> [EXERCISE MATERIAL]
———

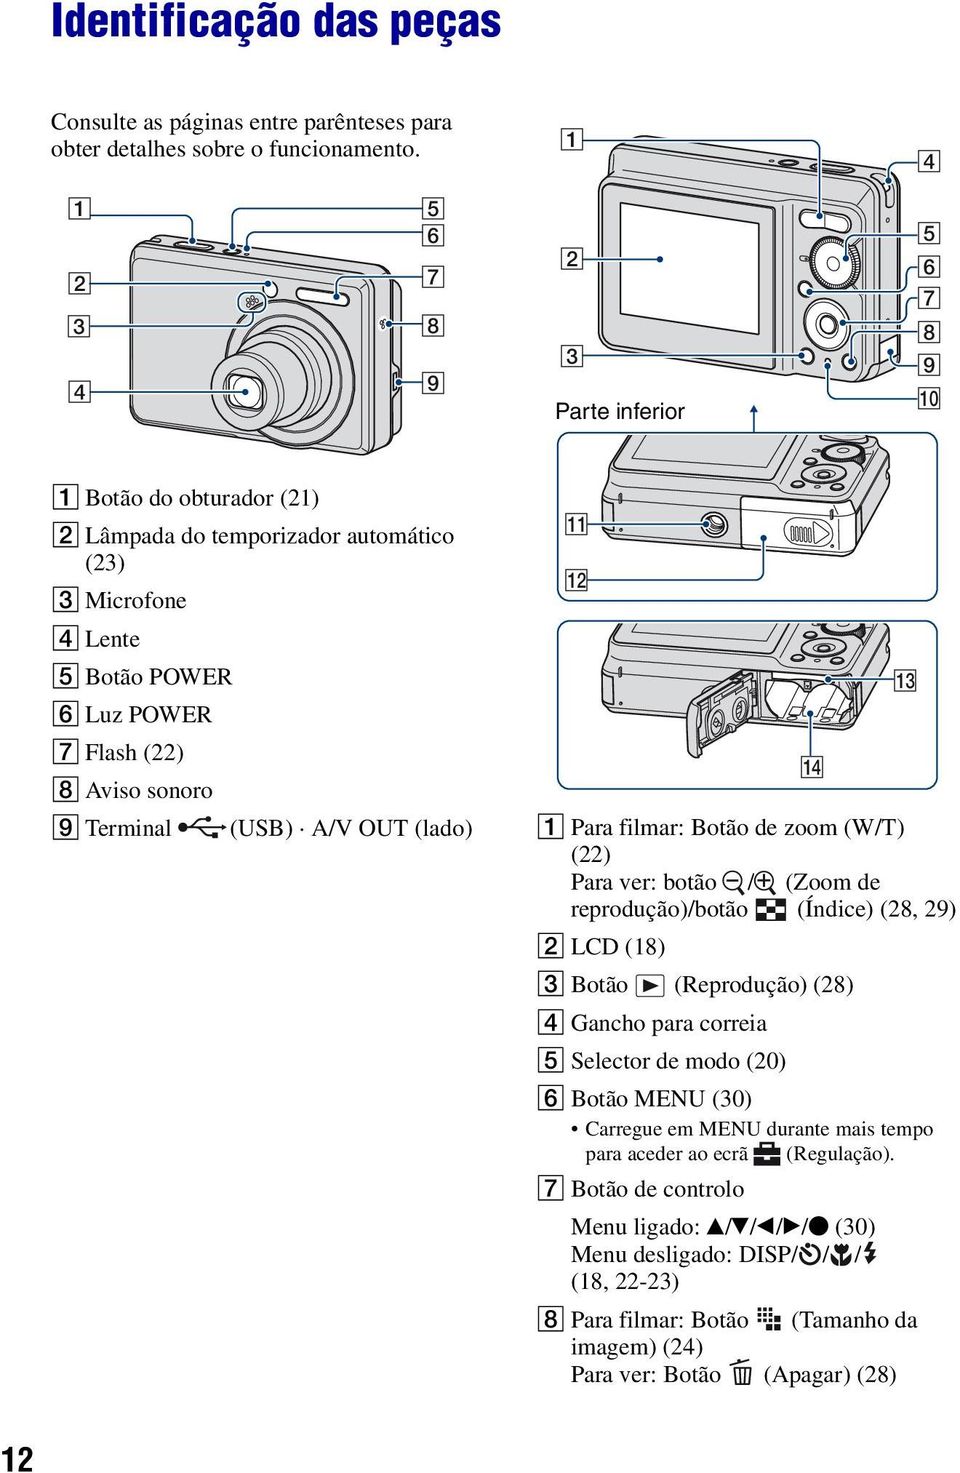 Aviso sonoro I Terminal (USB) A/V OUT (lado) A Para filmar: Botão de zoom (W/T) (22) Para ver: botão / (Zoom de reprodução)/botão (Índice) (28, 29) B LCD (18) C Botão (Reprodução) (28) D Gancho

———

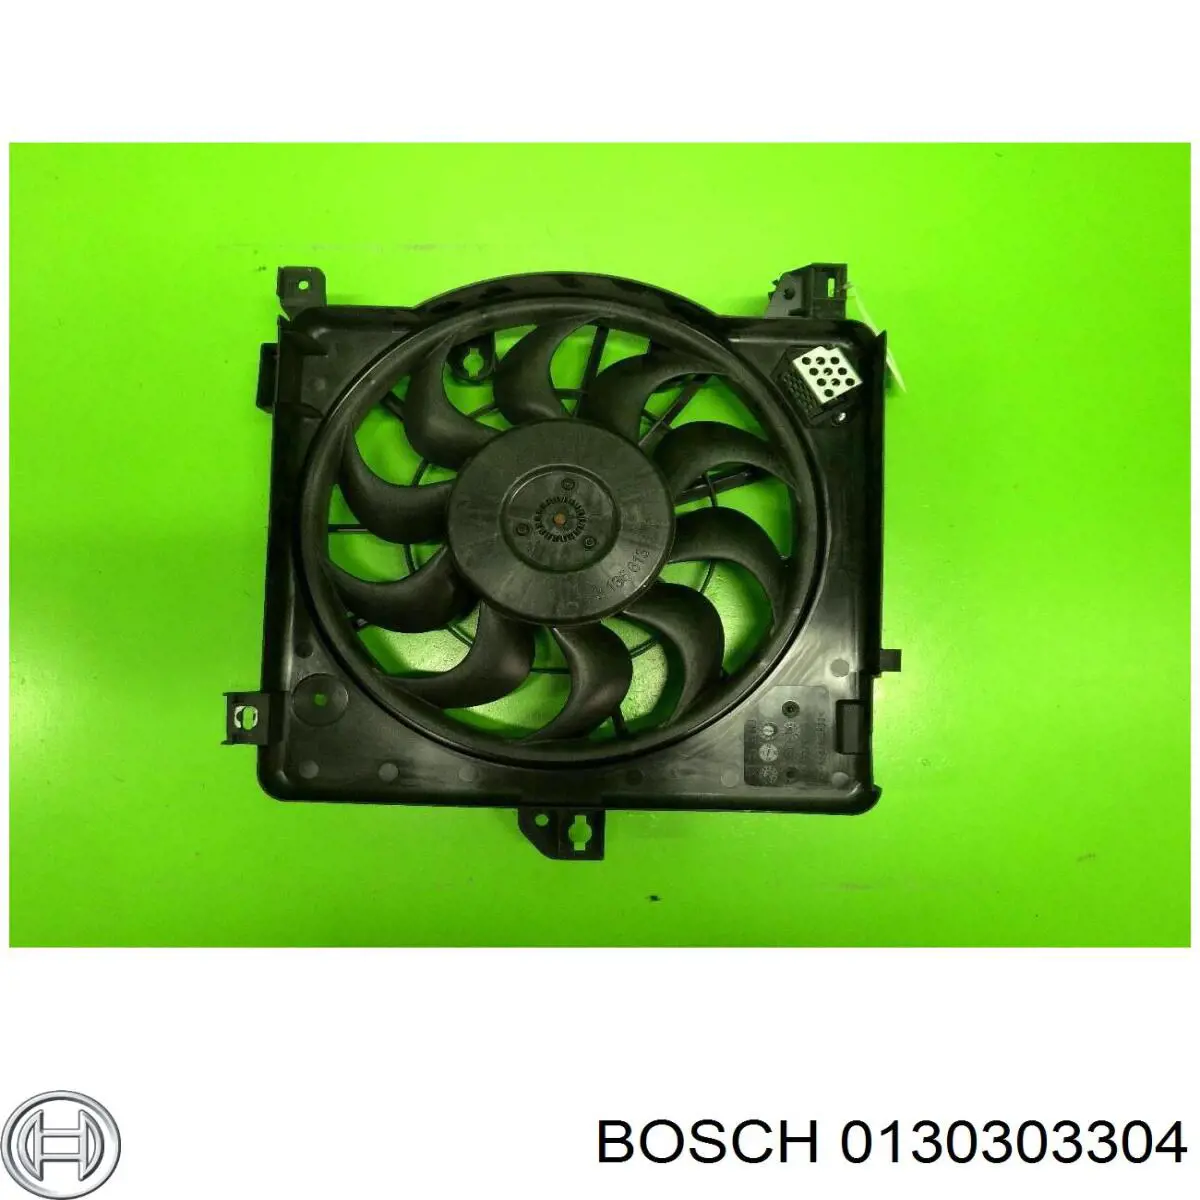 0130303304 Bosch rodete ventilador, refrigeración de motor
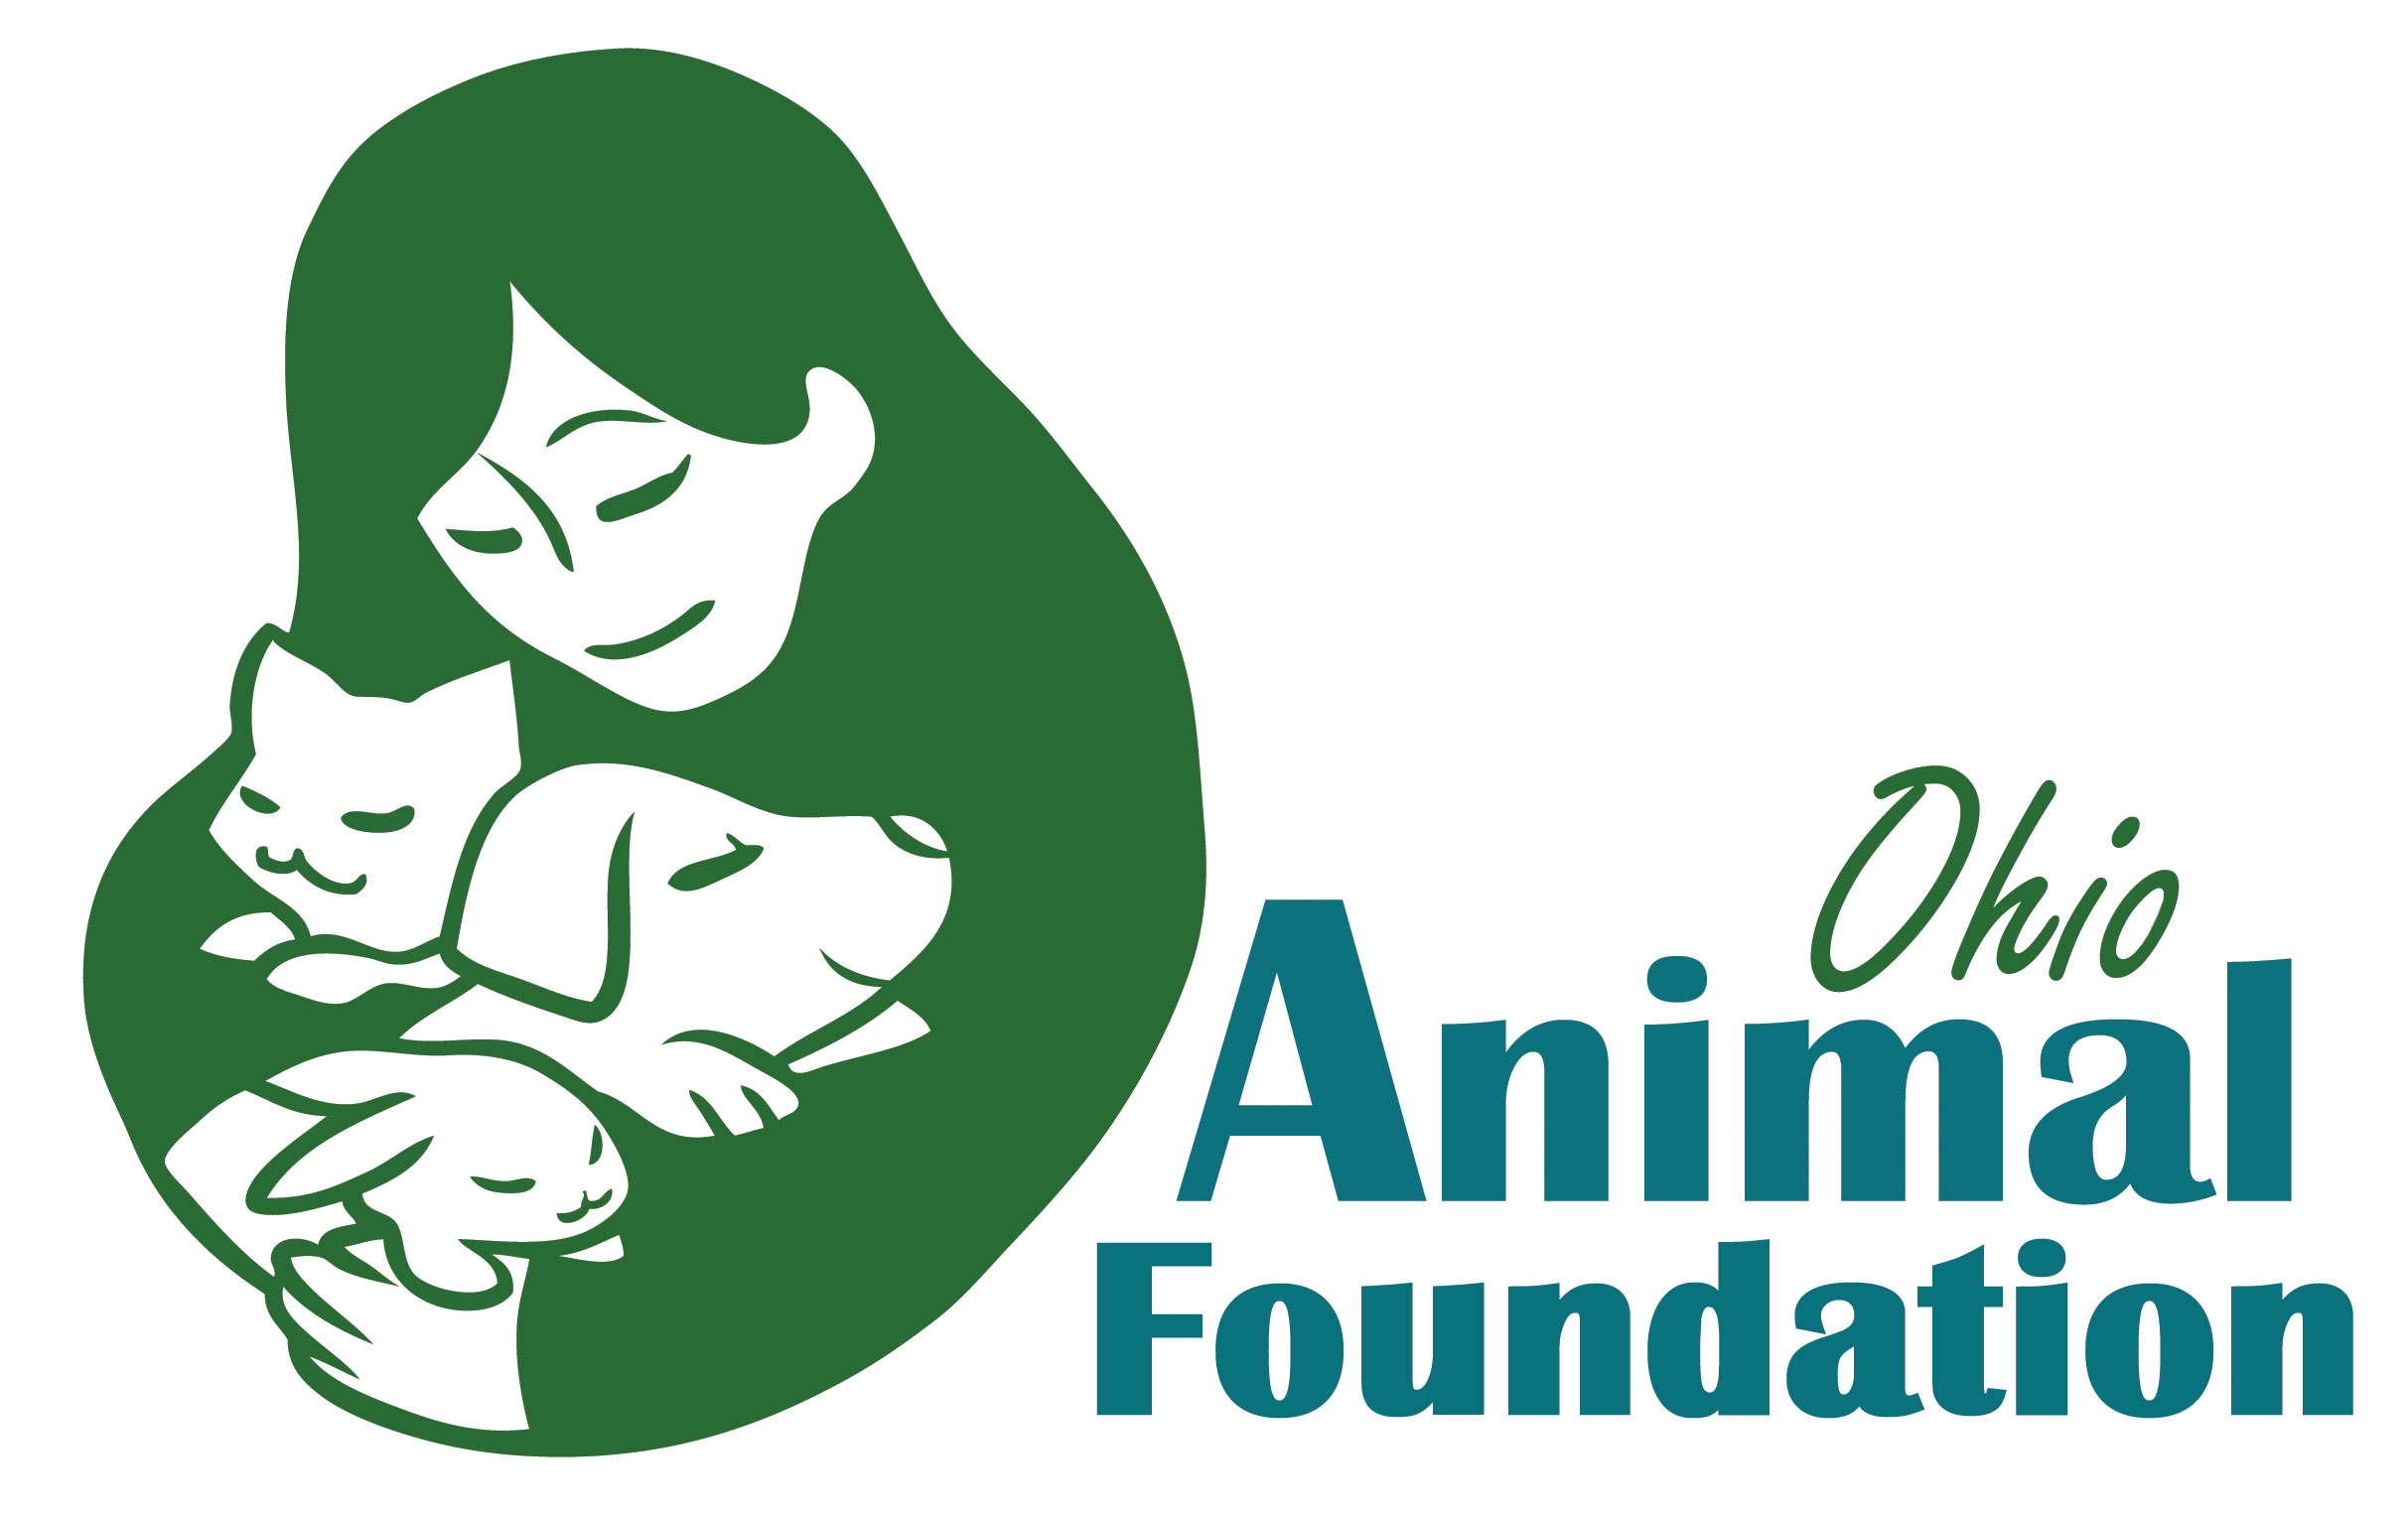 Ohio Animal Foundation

———

> [INSTRUCTIONS FOR THE TASK] The copy should hold exactly the lines above from the one with "0130303304 Bosch rodete" through the one with "Ohio Animal Foundation", both ends counted, and no pictures at all.

> [RESPONSE TO THIS TASK]
 0130303304 Bosch rodete ventilador, refrigeración de motor
 Ohio Animal Foundation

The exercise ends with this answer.